Department of Biomedical Data Sciences, Leiden University Medical Center, Leiden, the Netherlands.
Department of Statistics, Columbia University, New York.
NEJM Evid. 2024 Jan;3(1):EVIDoa2300003. doi: 10.1056/EVIDoa2300003. Epub 2023 Dec 22.

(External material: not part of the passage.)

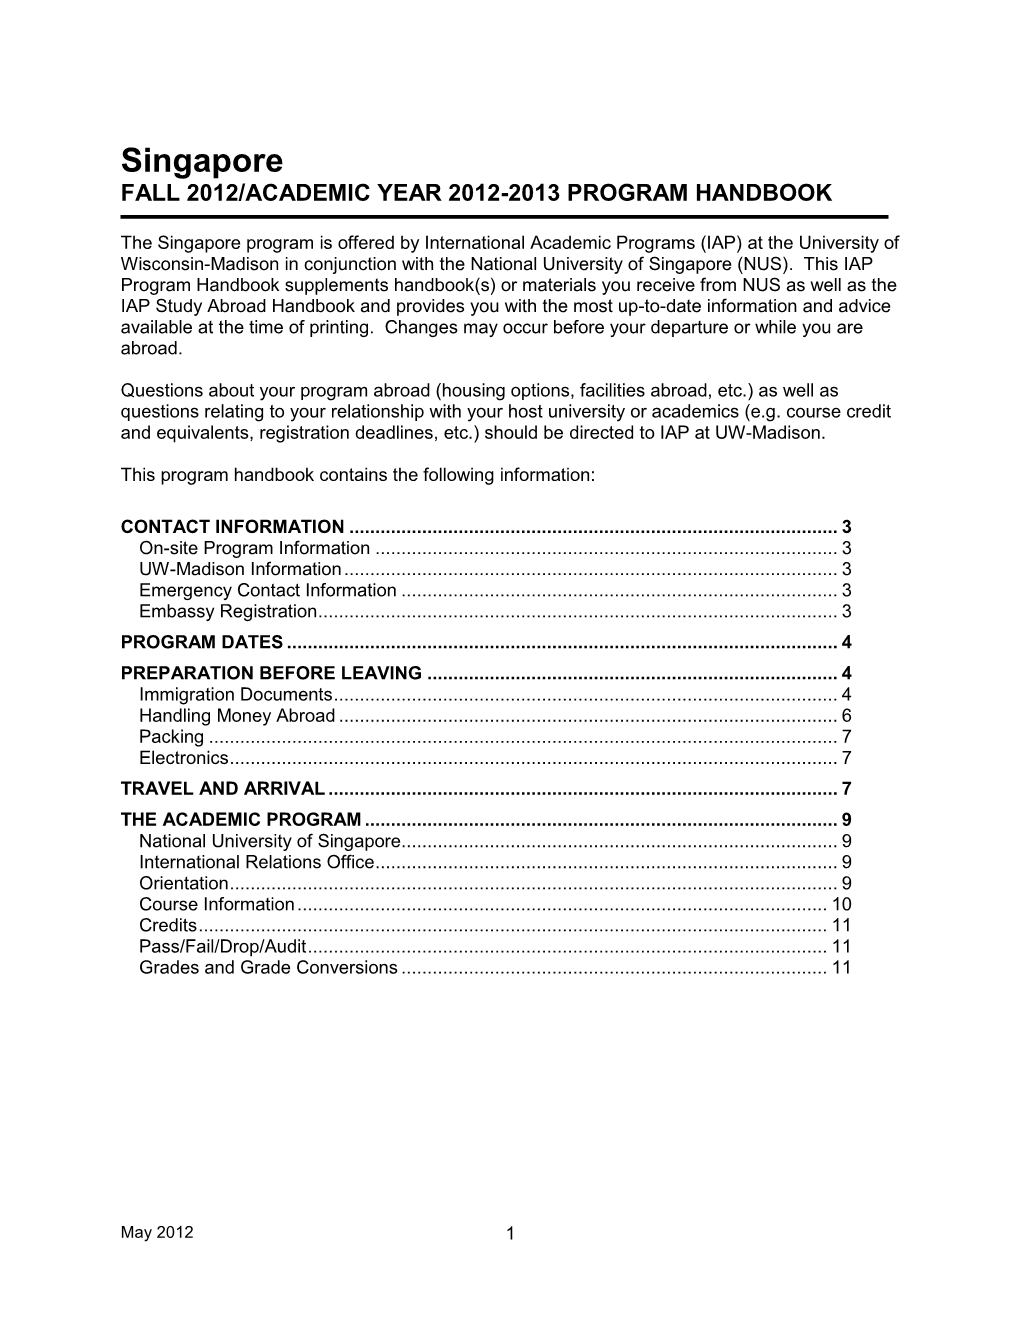 Singapore FALL 2012/ACADEMIC YEAR 2012-2013 PROGRAM HANDBOOK

We have examined the primary efficacy results of 23,551 randomized clinical trials from the Cochrane Database of Systematic Reviews. METHODS: We estimate that the great majority of trials have much lower statistical power for actual effects than the 80 or 90% for the stated effect sizes. Consequently, “statistically significant” estimates tend to seriously overestimate actual treatment effects, “nonsignificant” results often correspond to important effects, and efforts to replicate often fail to achieve “significance” and may even appear to contradict initial results. To address these issues, we reinterpret the P value in terms of a reference population of studies that are, or could have been, in the Cochrane Database. RESULTS: This leads to an empirical guide for the interpretation of an observed P value from a “typical” clinical trial in terms of the degree of overestimation of the reported effect, the probability of the effect’s sign being wrong, and the predictive power of the trial. CONCLUSIONS: Such an interpretation provides additional insight about the effect under study and can guard medical researchers against naive interpretations of the P value and overoptimistic effect sizes. Because many research fields suffer from low power, our results are also relevant outside the medical domain. (Funded by the U.S. Office of Naval Research.)
我们检查了来自 Cochrane 系统评价数据库的 23551 项随机临床试验的主要疗效结果。
我们估计,绝大多数试验的实际效果的统计效力远低于规定效果大小的 80%或 90%。因此,“统计学上显著”的估计往往严重高估了实际治疗效果,“无统计学意义”的结果通常对应于重要的效果,而努力复制往往无法达到“显著”,甚至可能看起来与最初的结果相矛盾。为了解决这些问题,我们根据 Cochrane 数据库中已经存在或可能存在的研究参考人群重新解释 P 值。
这导致了一种经验性的指导,用于根据报告效果的高估程度、效果符号错误的概率以及试验的预测能力,从“典型”临床试验中观察到的 P 值来解释。
这种解释提供了关于研究中效果的额外见解,并可以防止医学研究人员对 P 值和过于乐观的效果大小进行盲目解释。由于许多研究领域的效力较低,我们的结果在医学领域之外也具有相关性。(由美国海军研究办公室资助)。